As Dubai gears up for Expo 2020, it’s reasonable to expect that a number of projects – particularly those directly relating to or in support of the exhibition – will finally move forward. Beyond Expo, Sultan says it’s difficult to foresee how Dubai’s construction market will progress but reckons there will still be opportunities for her firm.

“Much depends on what external factors will be in play that will impact investments and further developments or the types of consumer or market demands faced. That said, it is a unique market that keeps moving with new projects and new investments. I think there is room to believe that the Dubai construction market will remain active, albeit not at a level that it has seen in the past. There seems to be also a number of opportunities that might come through to increase its infrastructure capacity, as it seeks to meet the growing population of residents, those who daily come to Dubai to their workplace and tourists.”

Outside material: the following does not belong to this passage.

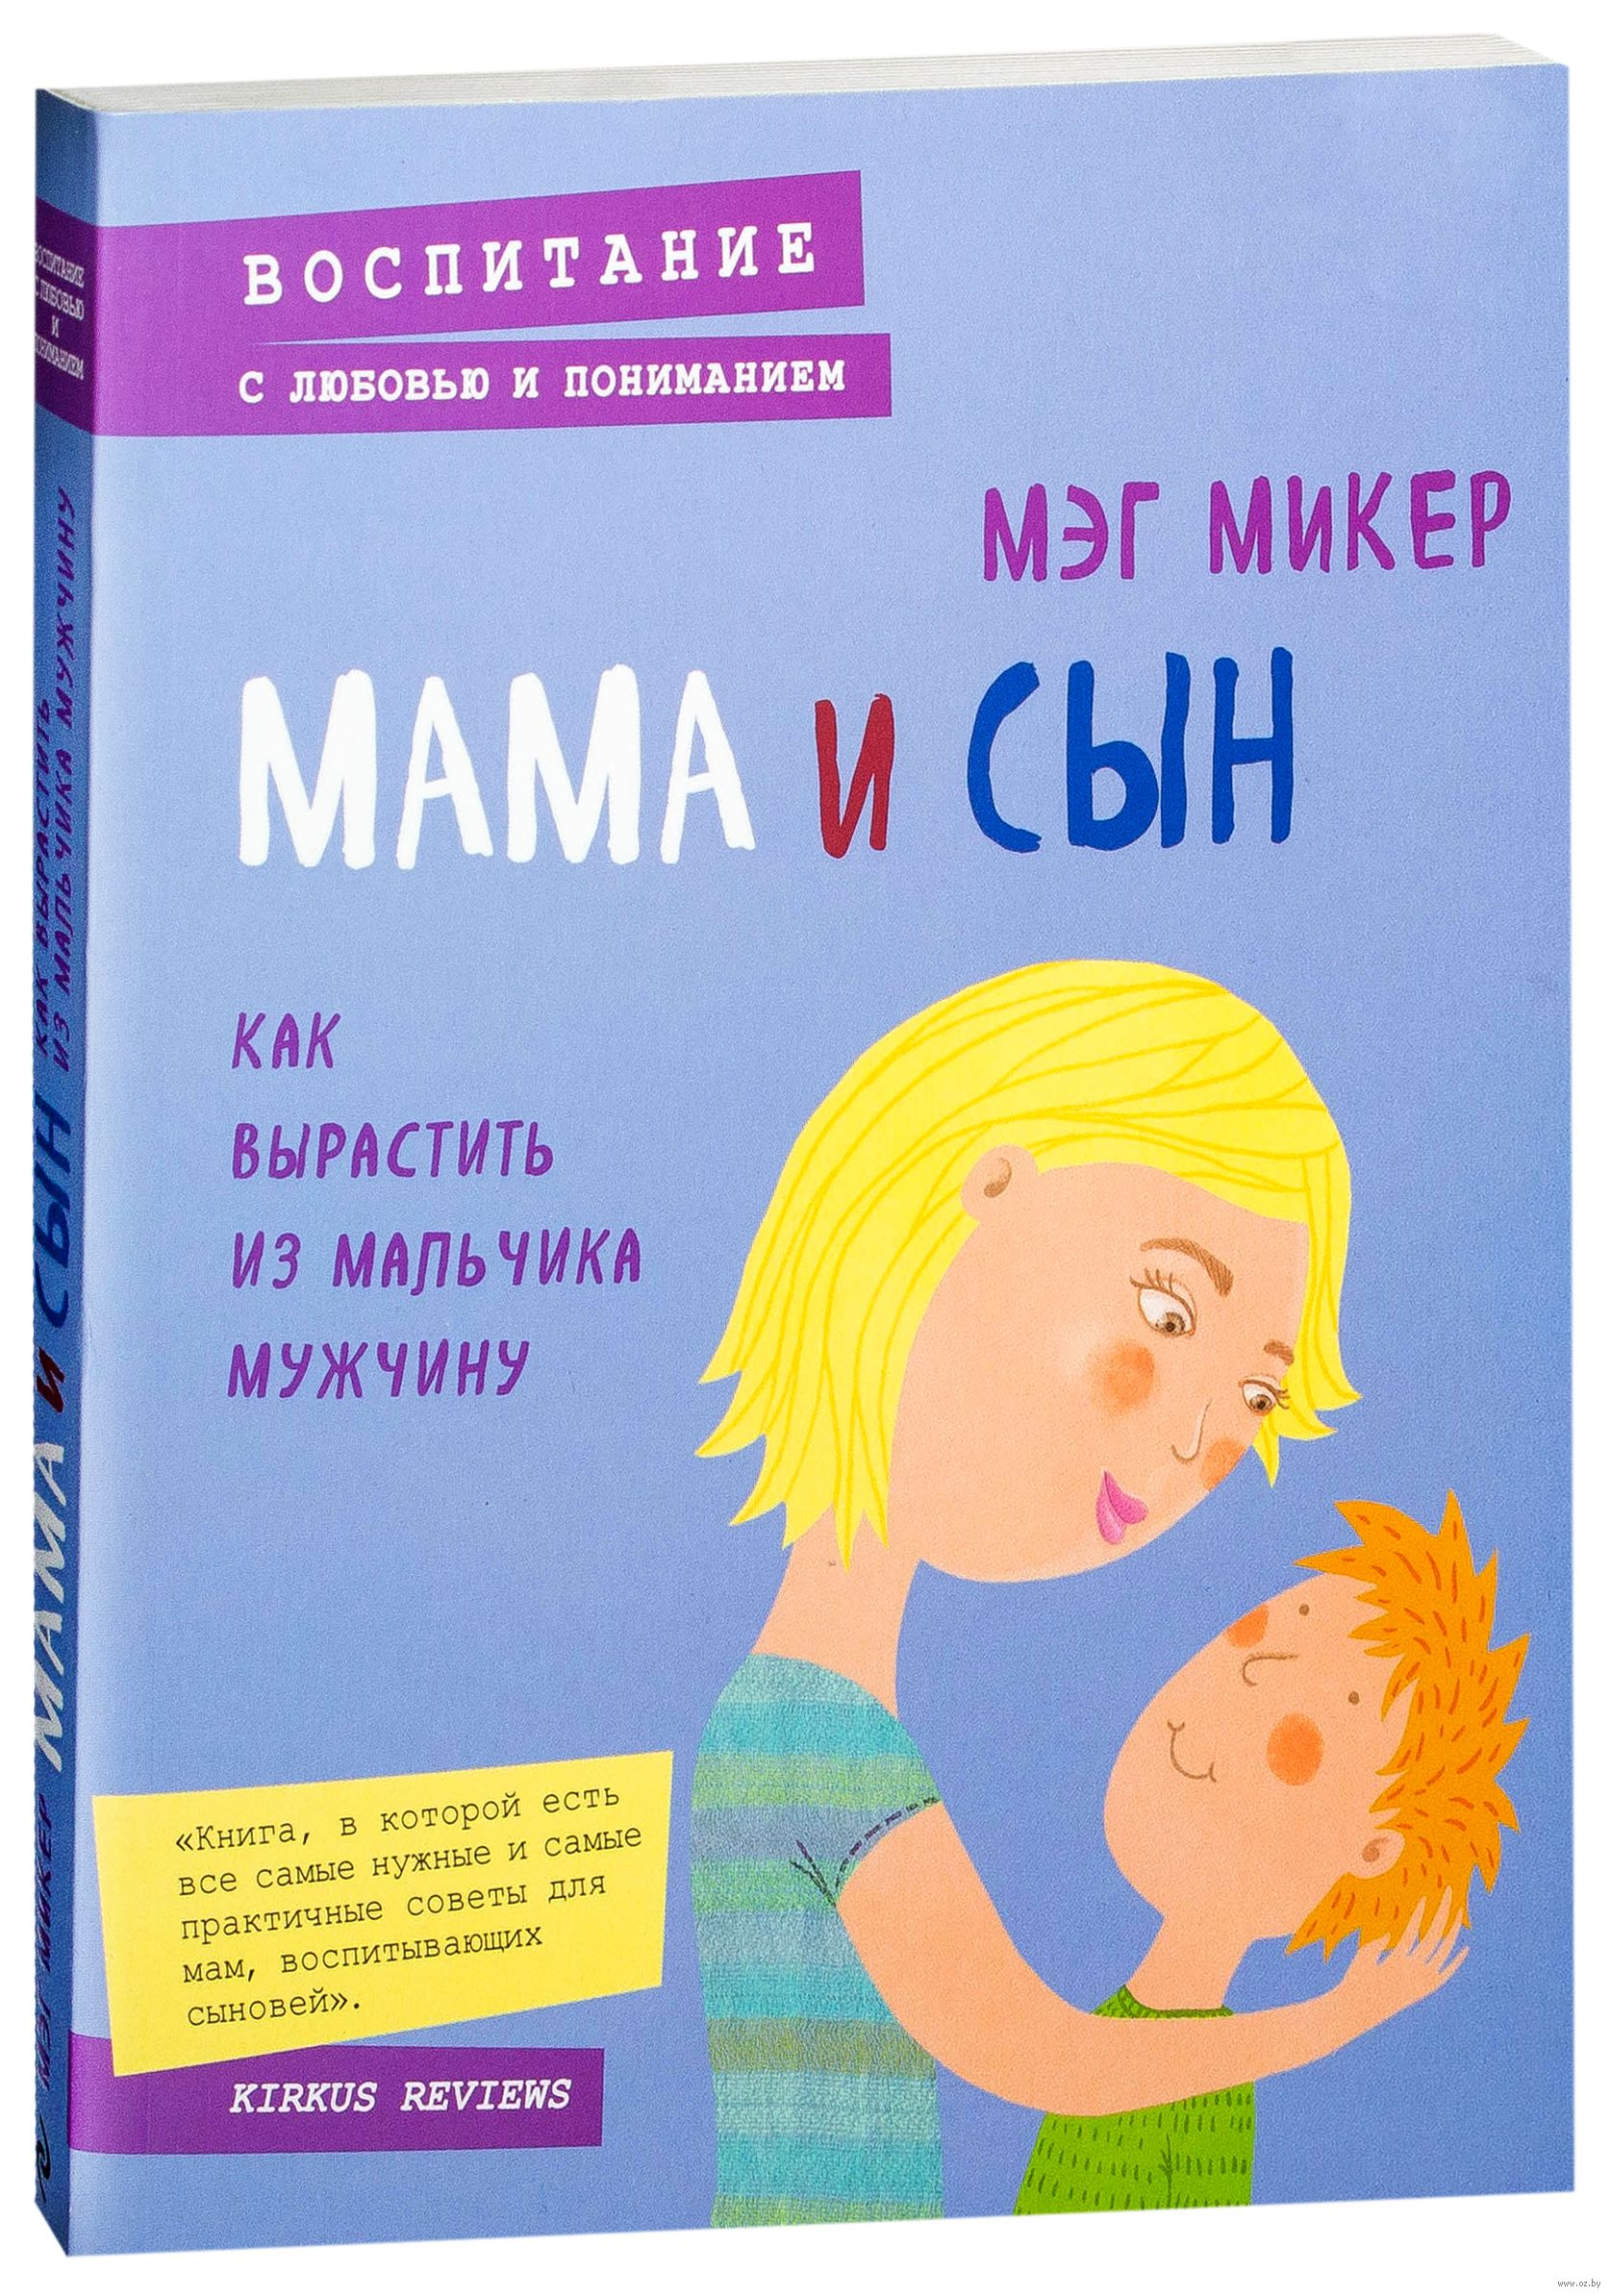 М мамаша. Книги. Книги о маме. Книги для мам мальчиков.
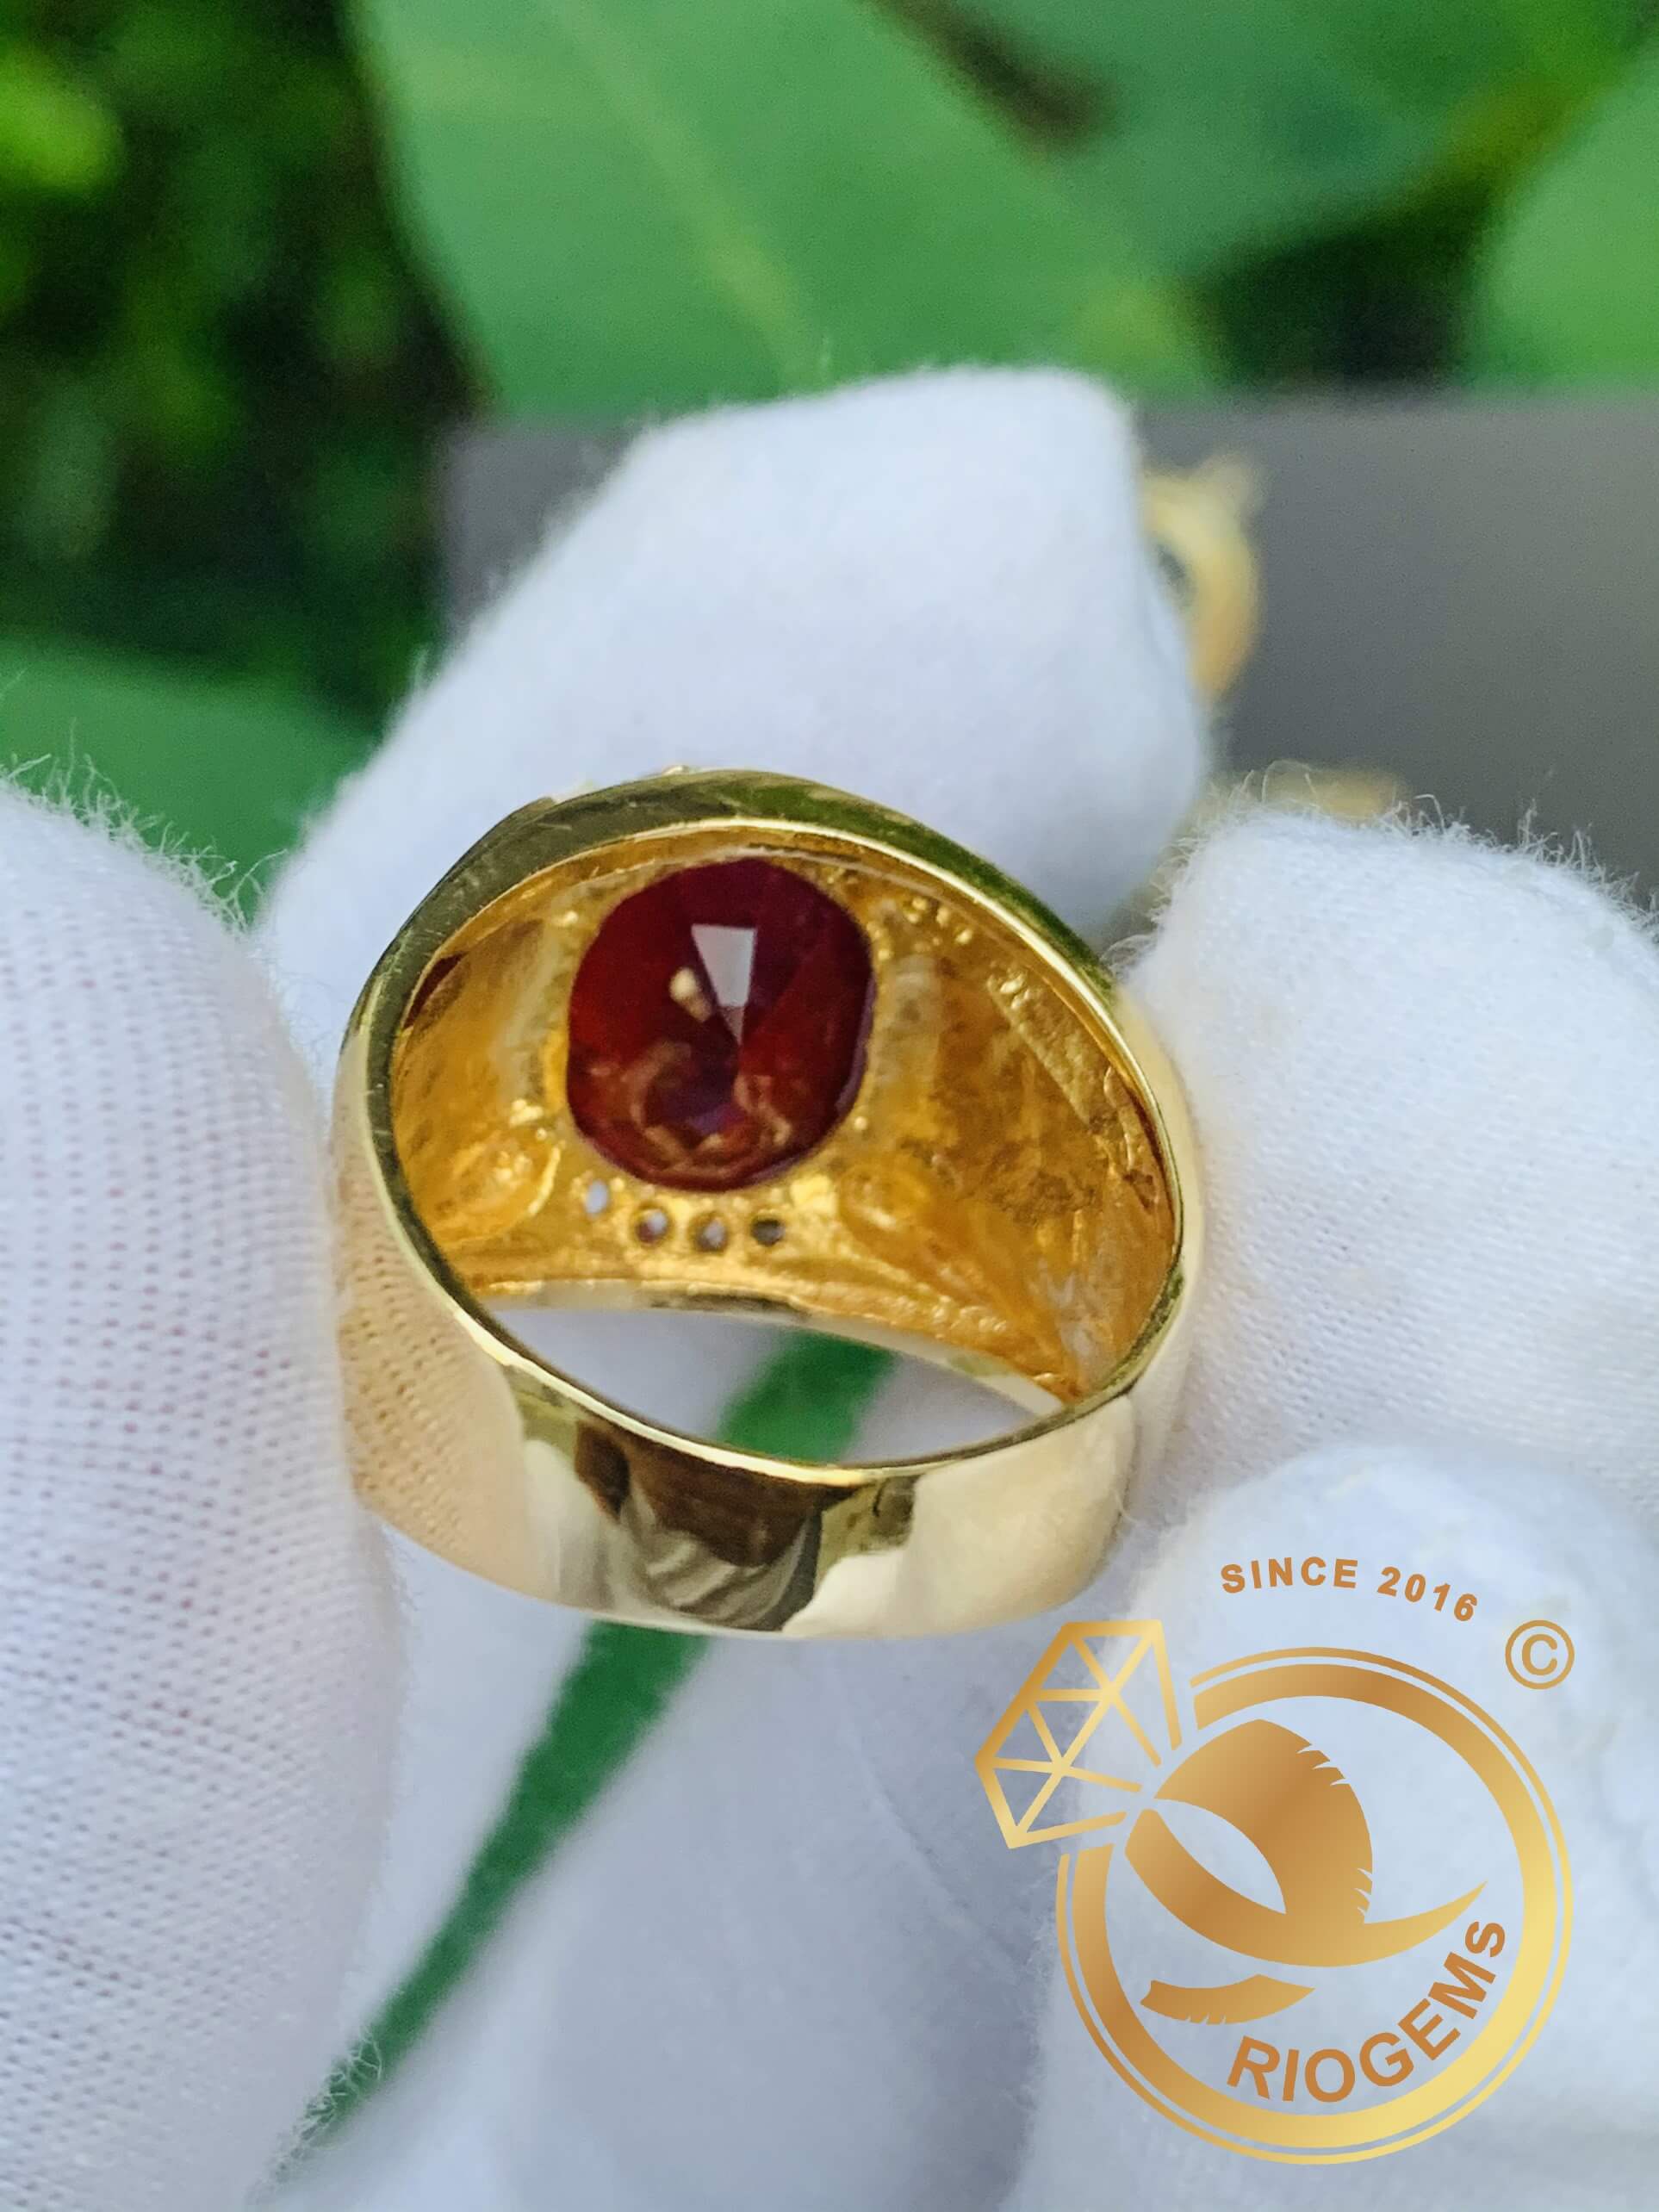 Nhẫn chữ LỘC vàng đính Ruby cắt giác Kim Cương được chế tác từ vàng 18K cao cấp kết hợp với đá Ruby cắt giác kim cương đính trên mặt nhẫn

Looking beyond Dubai but within the framework of the GCC, Sultan says Saudi Arabia is also an attractive market. “KSA holds promise with its plans for a mega city, NEOM, and a mega resort, the Red Sea project. The sectors that I expect to contribute the most to our future opportunities include national housing schemes, residential developments, mixed-use developments, hospitality, retail, transportation and municipal infrastructure schemes.”

KEO is also keen on markets outside the Middle East, with several potential target markets already identified. “We are actively looking at opportunities outside the region, we’ve identified target markets in Africa and some European countries. There is significant GCC investment dollars going into those regions and we hope to follow those opportunities.”